De esta manera, entre engaños y equívocos, entre chantajes y mentiras, se establece un juego de encuentros furtivos y de apariencias apasionadas donde la única verdad es el amor y la muerte presentes en el escenario y fuera de él. Todo se mezcla y confunde en esta trama de tono trágico-cómico, hasta el punto de que el escenario termina siendo lugar para una declaración de amor tan real como la misma muerte que acecha.
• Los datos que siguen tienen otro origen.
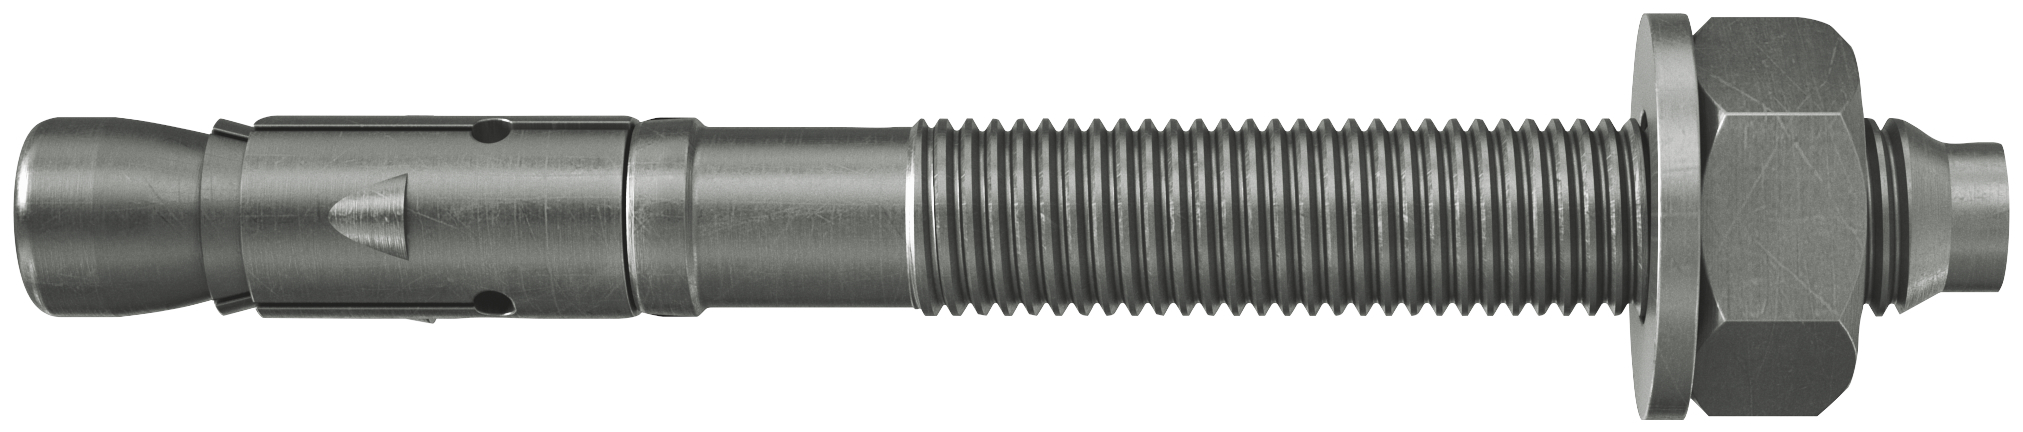 fischer Tassello acciaio FAZ II 10/30 A4 (50 Pz.) L'ancorante ad espansione ad alte prestazioni per carichi statici su calcestruzzo fessurato e per applicazioni sismiche. Versione in acciaio inossidabile con classe di resistenza alla corrosione CRC III..

Durante un tiempo efímero, Christian habrá conseguido rescatar el alma perdida de Satine y hacer que vuelva a creer en el amor, en lo que es la plasmación del mito de Orfeo que devuelve la vida a Eurídice con su cariño, o también “la narración de un momento breve de amor puro que constituye un poema y una canción”, en palabras de Luhrmann.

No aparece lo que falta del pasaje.